Это было тем более обидно для Верочки, что было уже всё договорено и решено – через несколько дней должен был приехать счастливый отец, чтобы наконец объединиться с возлюбленной. В этом самом месте как раз и находилась единственная точка расхождения между обожающими друг друга матерью и дочерью: Елизавета Ивановна презирала Верочкиного любовника, многие годы надеялась, что дочь встретит человека более достойного, чем этот нервный и неудачливый артист. Но также, по опыту своей жизни, Елизавета Ивановна хорошо знала, как трудно быть женщине одной, а особенно такой, как её дочь Верочка, – художественной натуре, не приспособленной к теперешней мужской грубости. Да ладно уж, пусть хоть кто-то… И она буркнула не совсем кстати:
– А, какая барыня ни будь, всё равно её е.. .ть…
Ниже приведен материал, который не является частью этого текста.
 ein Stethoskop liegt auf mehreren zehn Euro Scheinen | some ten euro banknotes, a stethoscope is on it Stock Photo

Она обожала пословицы и поговорки и знала их множество, даже и латинские. Будучи исключительна строга в русской речи, она использовала иногда совершенно неприличные выражения, если они были освящены фразеологическим словарём…
– Ну, знаешь ли, мама… – изумилась Вера, – ты уж слишком…
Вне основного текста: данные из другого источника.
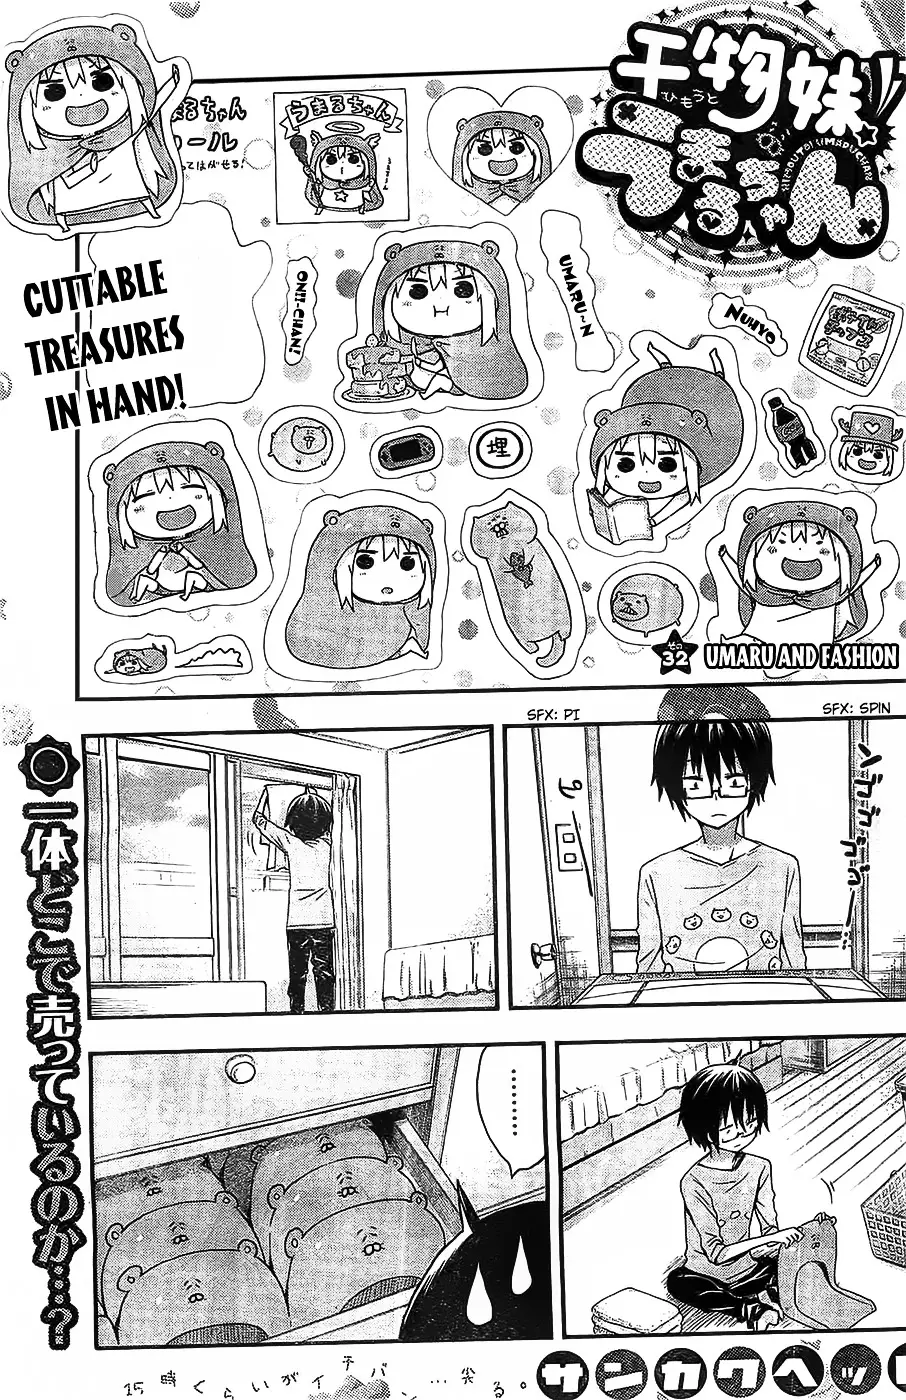 Himouto! Umaru-Chan - 32 page 1

Елизавета Ивановна спохватилась:
– Ну, прости, прости, уж меньше всего хотела тебя обидеть.
Однако, несмотря на материнскую грубость, Вера как будто оправдывалась:
– Мамочка, ты же знаешь, он на гастролях…
Видя огорчённое лицо дочери, Елизавета Ивановна дала задний ход:
– Да Бог с ним совсем, Верочка… Мы и сами своего мальчика вырастим.
Напророчила… Погиб Александр Сигизмундович через полтора месяца после рождения Шурика. Он попал под машину на улице Восстания, возле Московского вокзала, вернувшись в Ленинград после первого знакомства с новорождённым сыном. Престарелый отец был полон окончательной решимости объявить наконец своей богатырской Соне, что уходит от неё, оставляет ей с дочкой ленинградскую квартиру и переезжает в Москву. Первые два пункта в точности исполнились. Только вот переехать не успел…
Вера узнала о смерти Александра Сигизмундовича через неделю после похорон. Встревоженная отсутствием известий, она позвонила другу Александра Сигизмундовича, поверенному их отношений, не застала его, так как тот был в отъезде. Скрепившись, она позвонила на квартиру Александру Сигизмундовичу Соня сообщила о его смерти.
Молодая мать, из разряда «старых первородок», как называли её в роддоме, старая любовница, – к тому времени набежало двадцать лет их отношениям, – она стала свежей вдовой, так и не успев выйти замуж.
Черноволосый мальчик совал в рот сжатый кулачок, энергично сосал, кряхтел, пачкал пелёнки и находился в состоянии беспечного удовлетворения. Ему и дела не было до материнского горя. Вместо пропавшего материнского голубоватого молока ему давали теперь из бутылочки разведённое и подслащённое коровье, и оно отлично у него шло.
3
На семейную легенду к середине двадцатого века пошла вдруг повальная мода, имеющая множество разнообразных причин, главной из которых, вероятно, было подспудное желание заполнить образовавшуюся за спиной пустоту.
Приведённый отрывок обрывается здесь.